そう言えば、化粧ポーチも鞄と一緒に向こうの世界にサヨナラしてきたな、と考えていると、誰かの気配を感じた。
「失礼、見かけぬ顔だが、名を訊いても?」
低めの良く通る声だ。眠気覚ましに思いっきり顔を水に浸していた私は、目を擦りながら、そういえば拭くものが無いことに気付いた。ジャージで、というのも些か気が咎める。
「よければ使うといい」
ぬれた手の上に、触り心地のよいタオルがかけられる。
「あ、どうもすみません」
ありがたく使わせていただこう。きちんと礼を伝えるために慌てて顔を拭き、見上げた先にはこれまた声からの想像通りな美形さんがおいでだった。金髪をざっくりと後ろに流し、意志の強そうな眉の下に、少し優しい眼。鼻筋は通り、唇は薄いが、形良く結ばれている。

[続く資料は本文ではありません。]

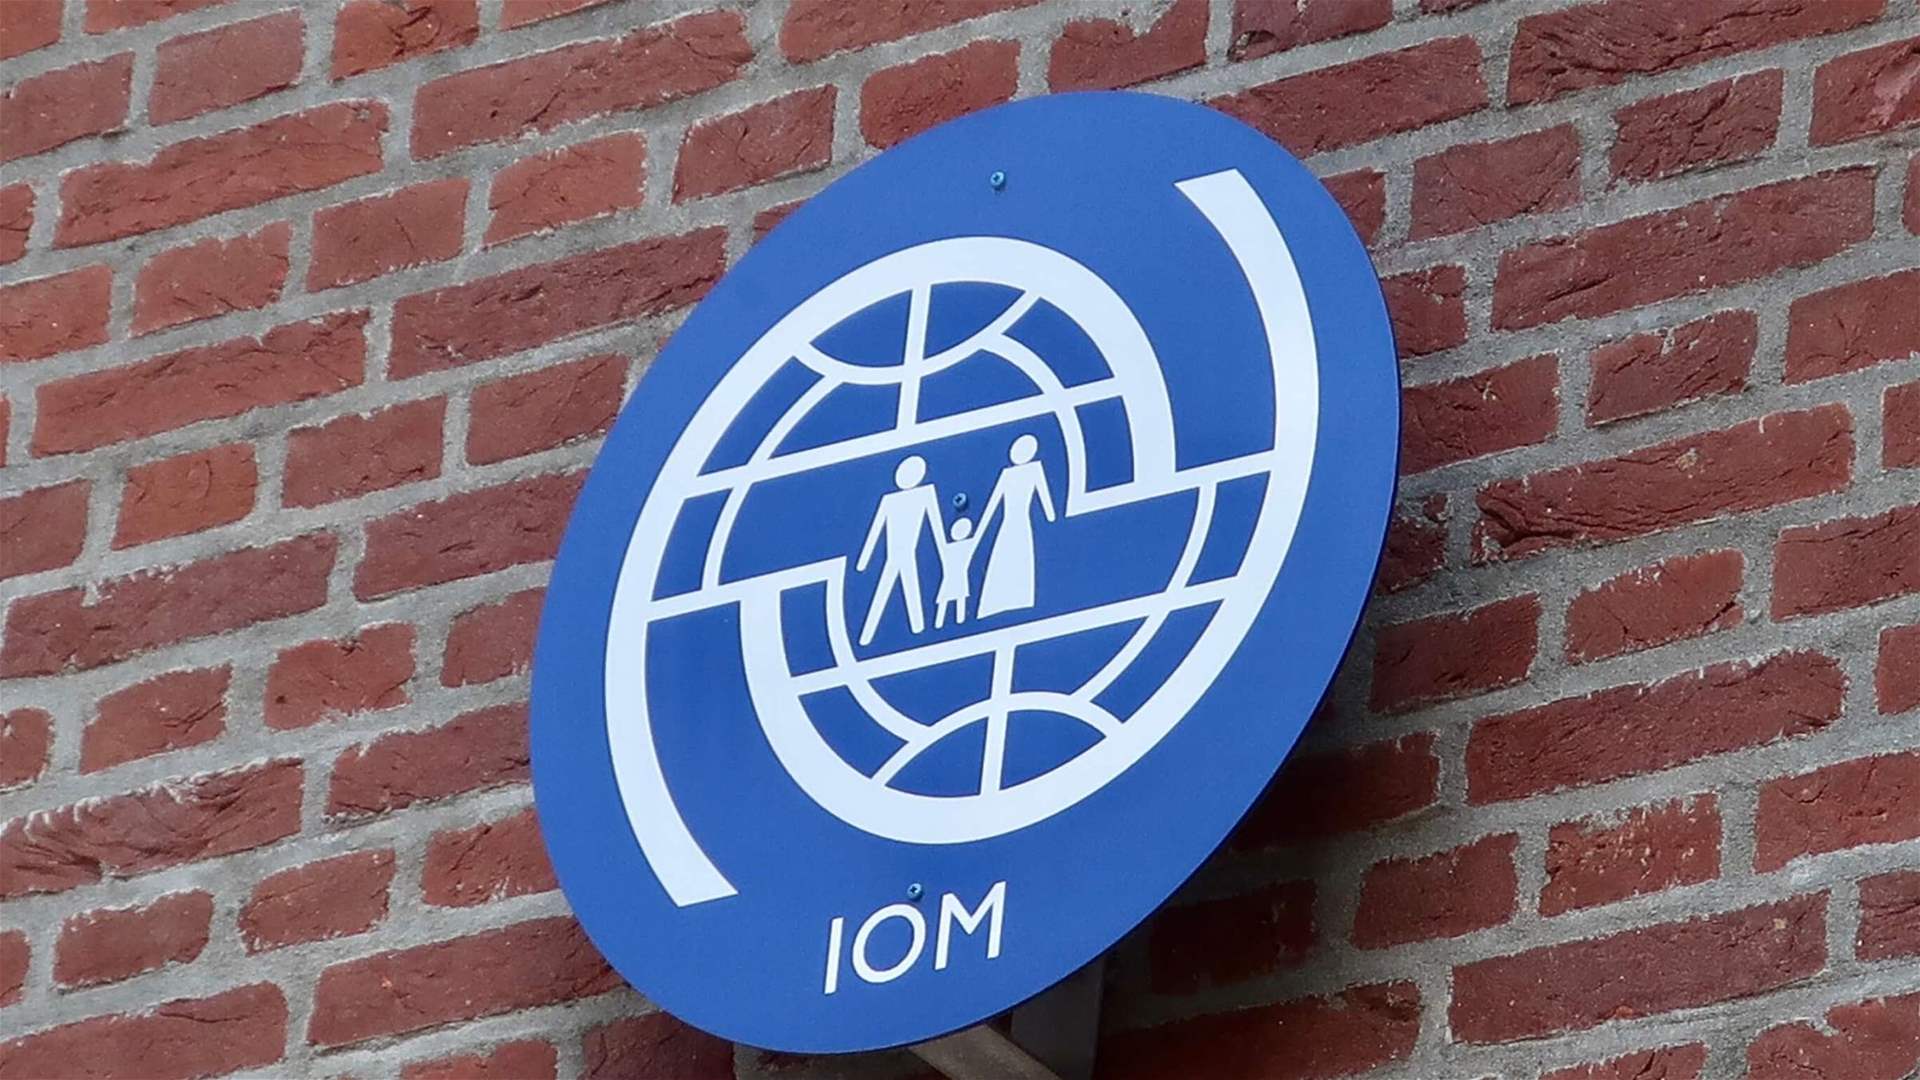 IOM seeks $7.9 billion to address unprecedented migration challenges

「リオです。これ、有り難うございます。今度洗ってお返しいたします。神官の方ですか?」
聞きながら、多分違うんだろうな、とも思っていた。何より着ている服が明らかに聖職者ではない。紫を貴重とした貴族じみた装いに、金糸で縁取り。まるで宝塚の衣装のようだ。

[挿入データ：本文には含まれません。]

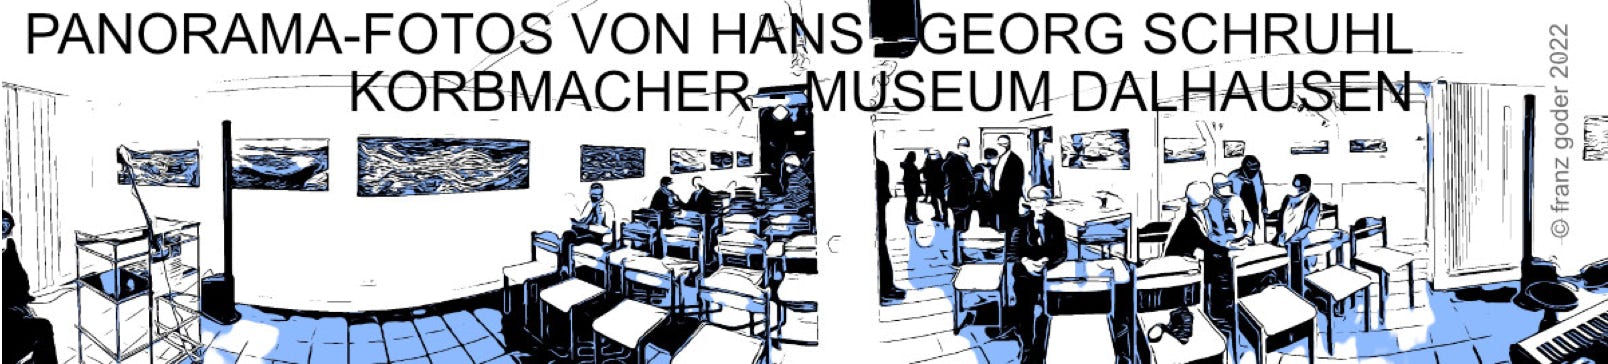 ausstellung_hans_georg_schruhl_panorama-fotos_korbmacher_museum_danhausen_foto_franz_goder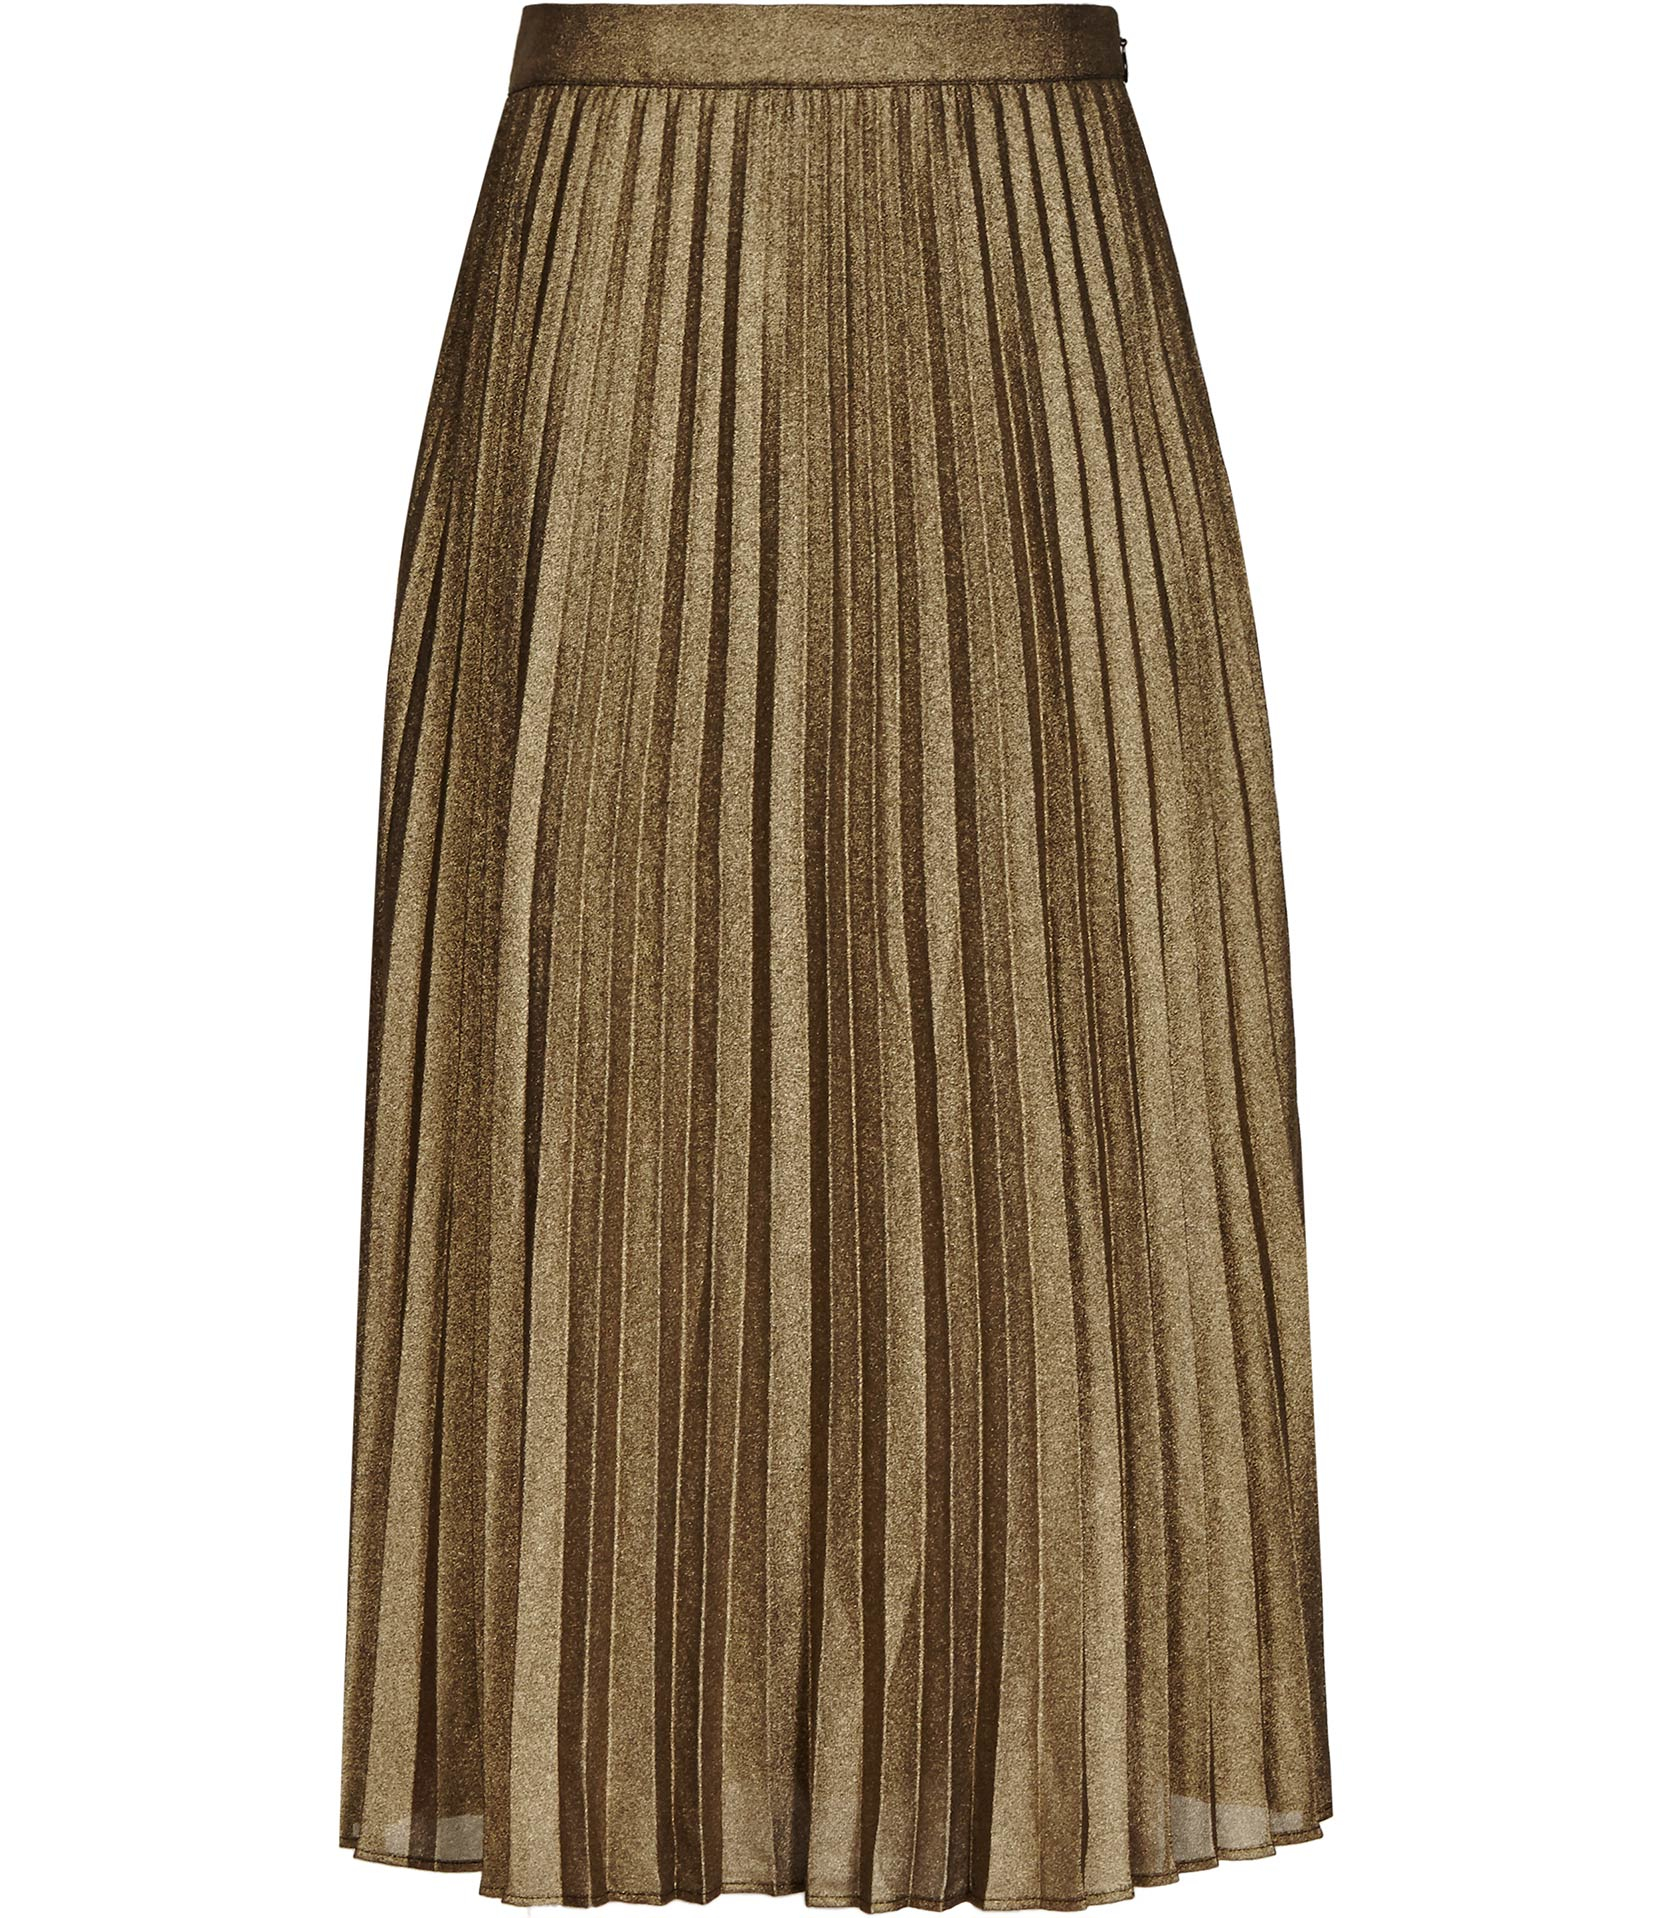 Lyst - Reiss Kaeya Metallic Pleated Midi Skirt in Metallic

「君が此度の勇者と共に召還されたという従者殿か。報告ではリオ殿も男性と聞いていたが……失礼、名乗りが遅れたね。私はカリウスだ」
おや、彼は私を女だと一発で見抜いたな。まあ、これだけ美形なら女遊びもさぞ激しかろう。漣も言っていたフェロモンとかで男女を見分けるのかもしれないな。
「私は男だなんて名乗ったつもりは無いんですけどね。周りが勝手に」
なんだか漣も訂正しなかったようだが、あれは面白がっていただけだと思われる。
「そうか。神の使途ともあろう者達が、神が招いた客人に何とも礼を失することよな」
この男、苦笑しても様になる。漣とは違うタイプの、雄の雰囲気を持つ美形だ。うちの恋人様を水辺の蘭のようなたおやかな美しさだとすると、カリウスは肉食獣の肢体の美しさ。
「これは、どちらにお返しすればいいでしょうか?」
そういえば、パイル地のタオルってこの世界では結構高いのではないだろうか。
「ああ、それには及ばぬ。従者殿に差し上げよう」
おや、もらってしまった。今後も使うだろうし、非常に有りがたい申し出なのだが。タダで何かをもらうというのは気が引ける。今度何かでお返ししなければ。
「カリウスさんは何をされている方なんです?」
濃紺の瞳が、一瞬揺れた。普通の人ならまず気付かないだろう逡巡。
「ちょっとした汚れ仕事と言うところか。誇れるような大層な身分ではない。またそのうち会うこともあるだろう」
それでは、と微笑し、カリウスが踵を返した。その一挙手一投足がまことに気障だ。
「朝ごはん、あるのかな」
残された私は、タオルを首にかけて考えた。この世界でも空は青く、雲間を縫った陽光が辺りを照らしている。
去り際のカリウスの楽しそうな顔は、あまり好きになれそうに無かった。